## PROMPT
In the records that follow, find the line containing "Efficient parcel tracking" and the line containing "森林坚果之爱吃坚果的松鼠原创零食包装插画", then transcribe both and every line between them exactly, omitting pictures.

## EXERCISE DATA
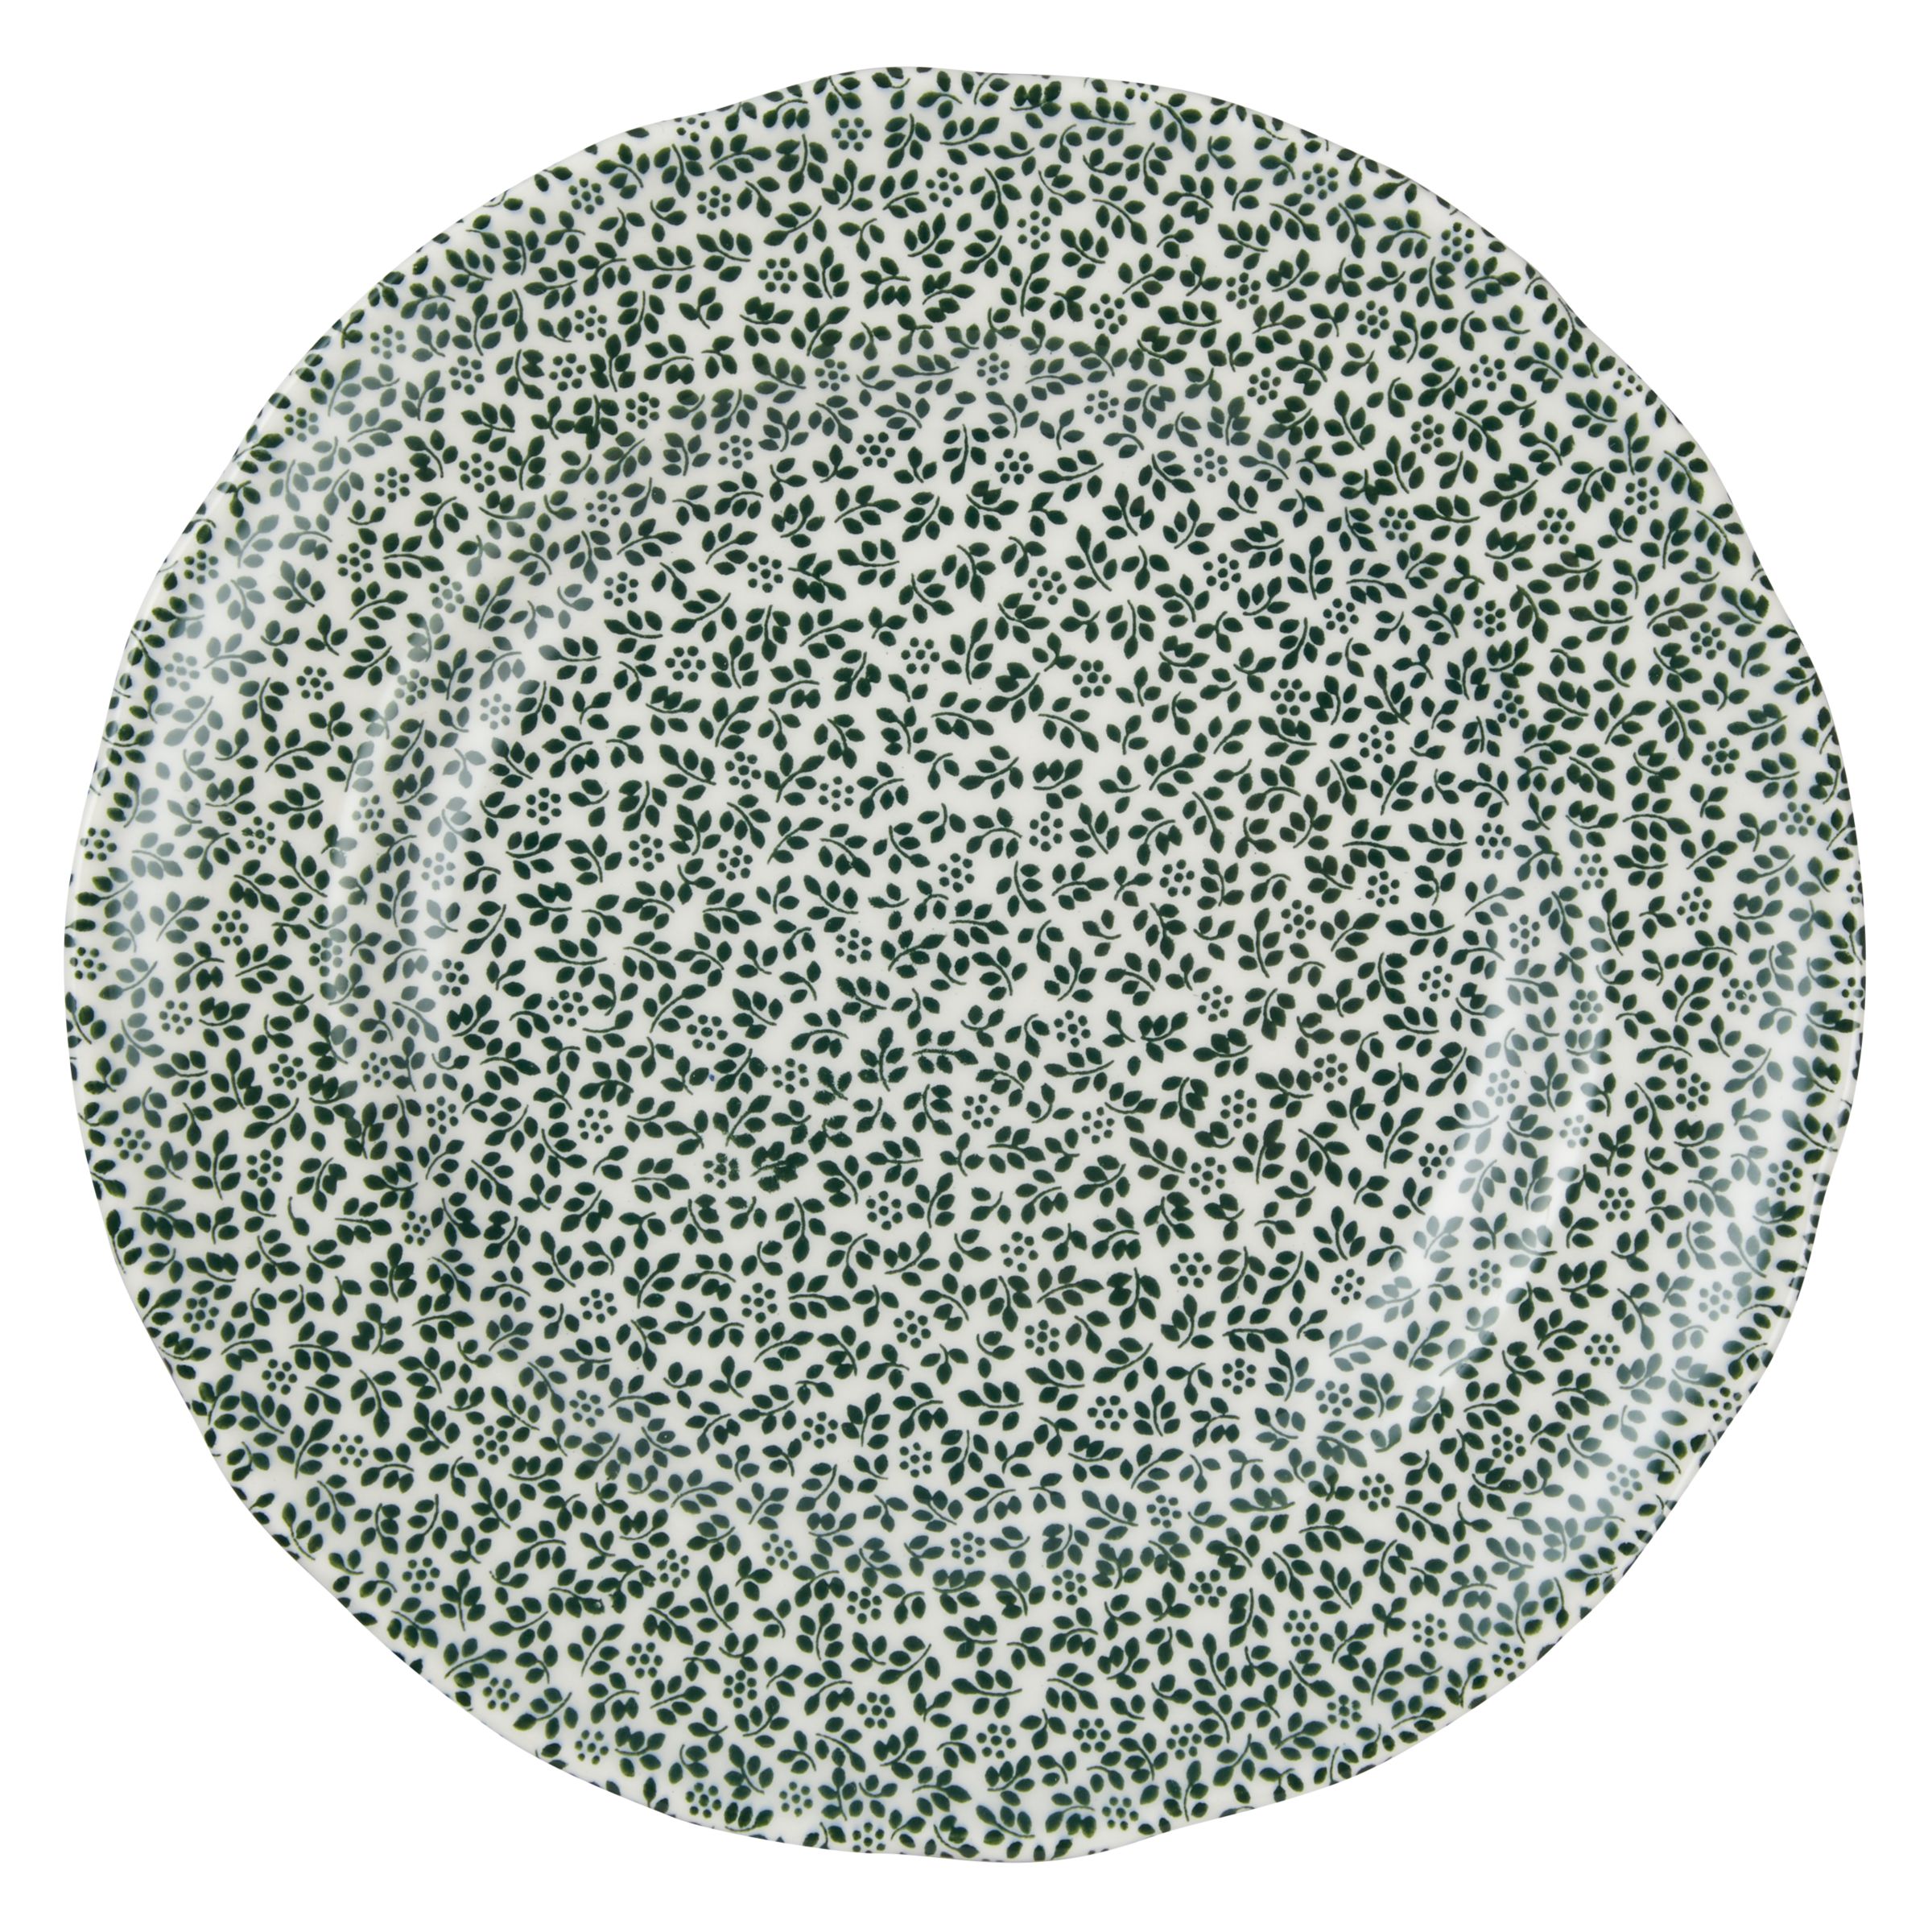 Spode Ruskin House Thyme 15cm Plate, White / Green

---

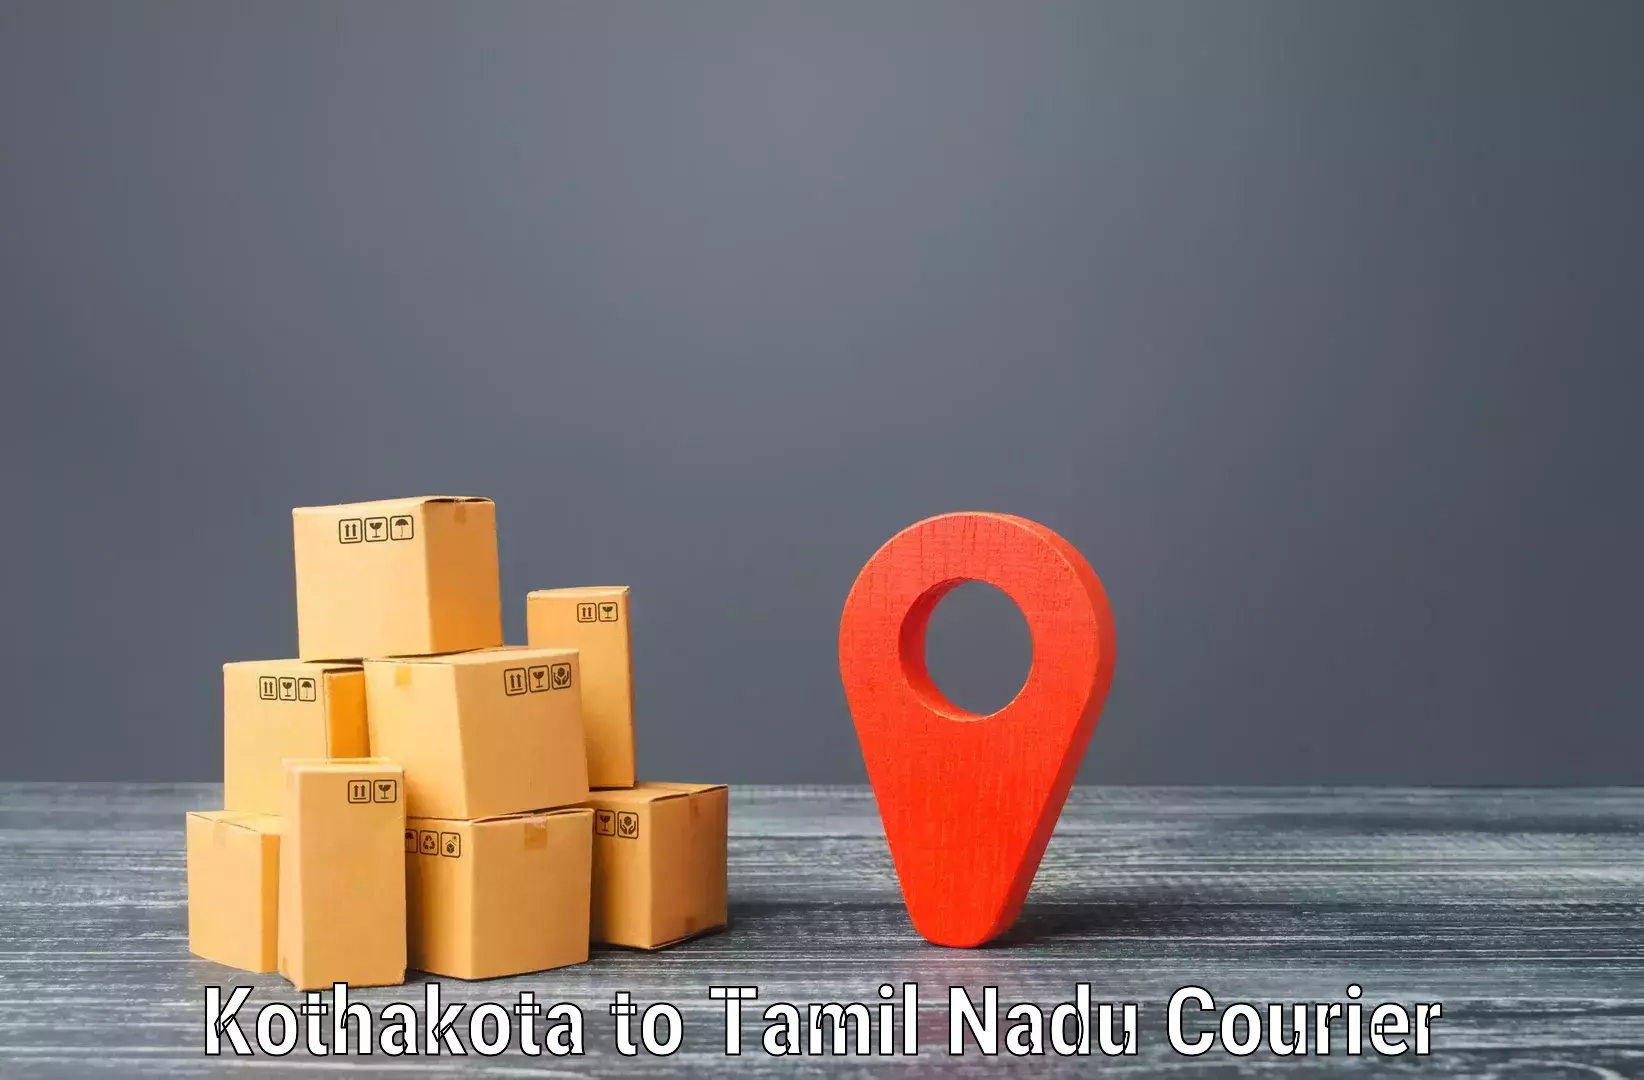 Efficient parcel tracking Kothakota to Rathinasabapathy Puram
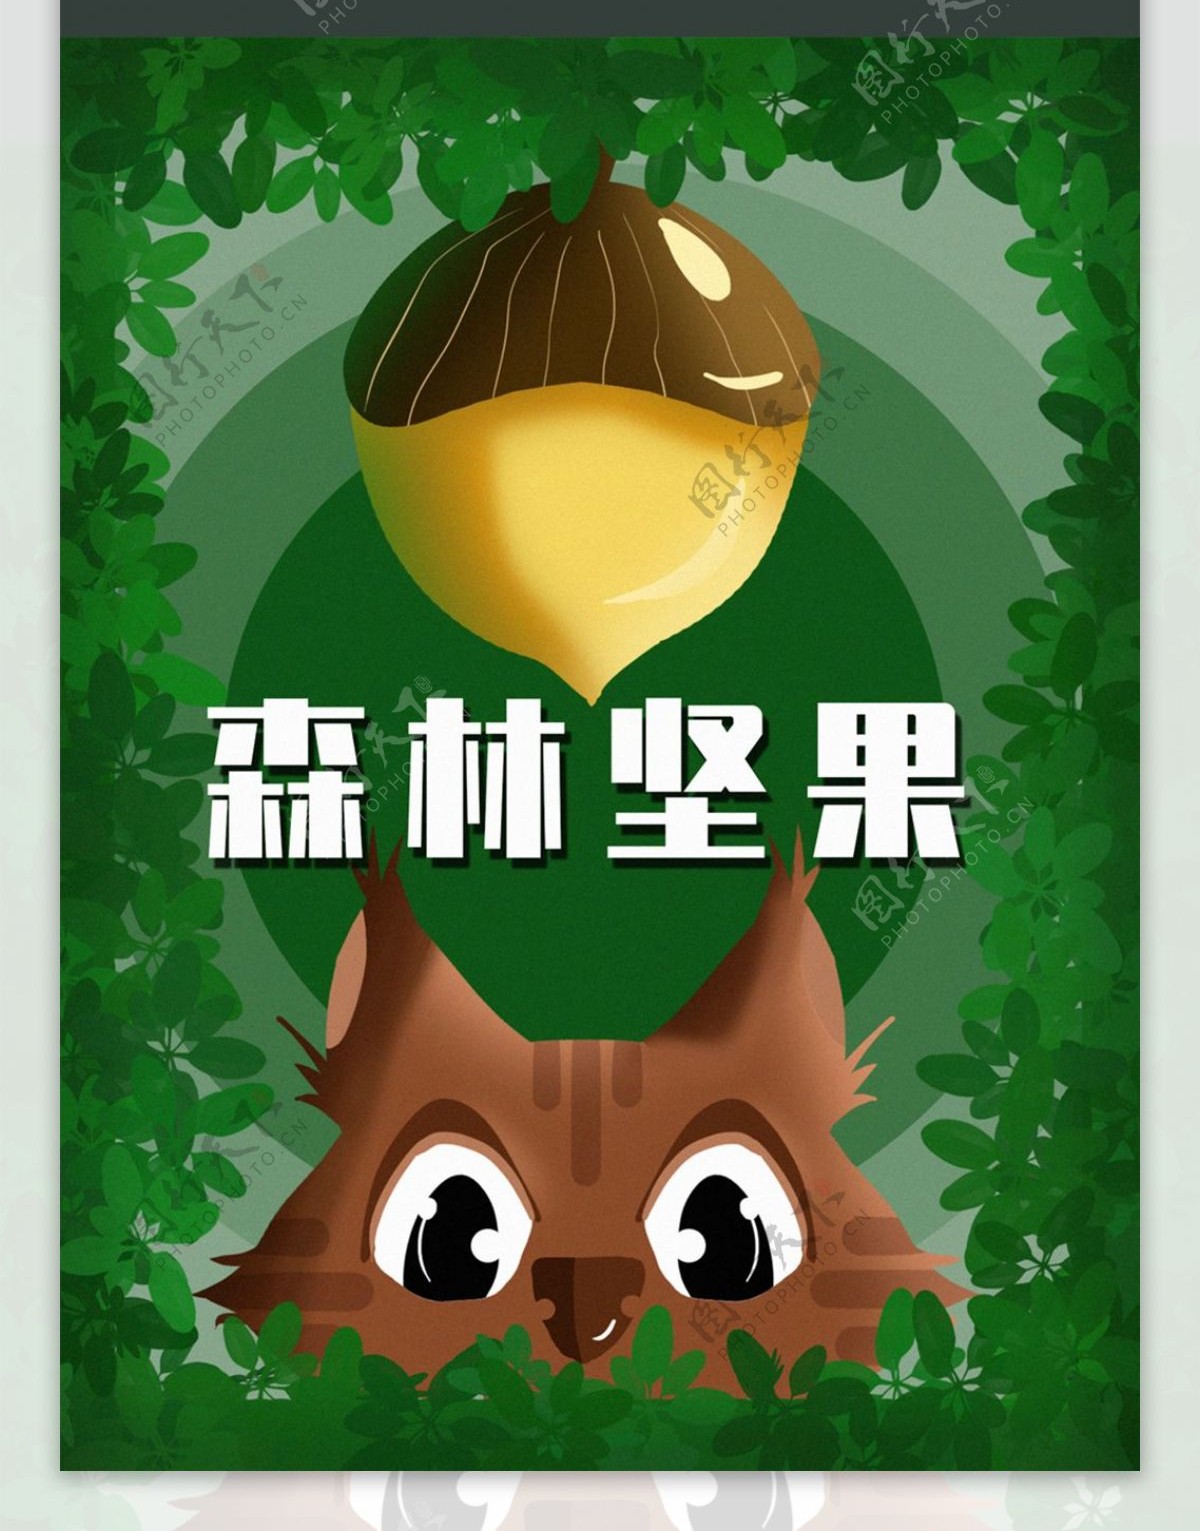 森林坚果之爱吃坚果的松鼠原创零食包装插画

## OUTPUT OF THE TASK
 Efficient parcel tracking Kothakota to Rathinasabapathy Puram
 森林坚果之爱吃坚果的松鼠原创零食包装插画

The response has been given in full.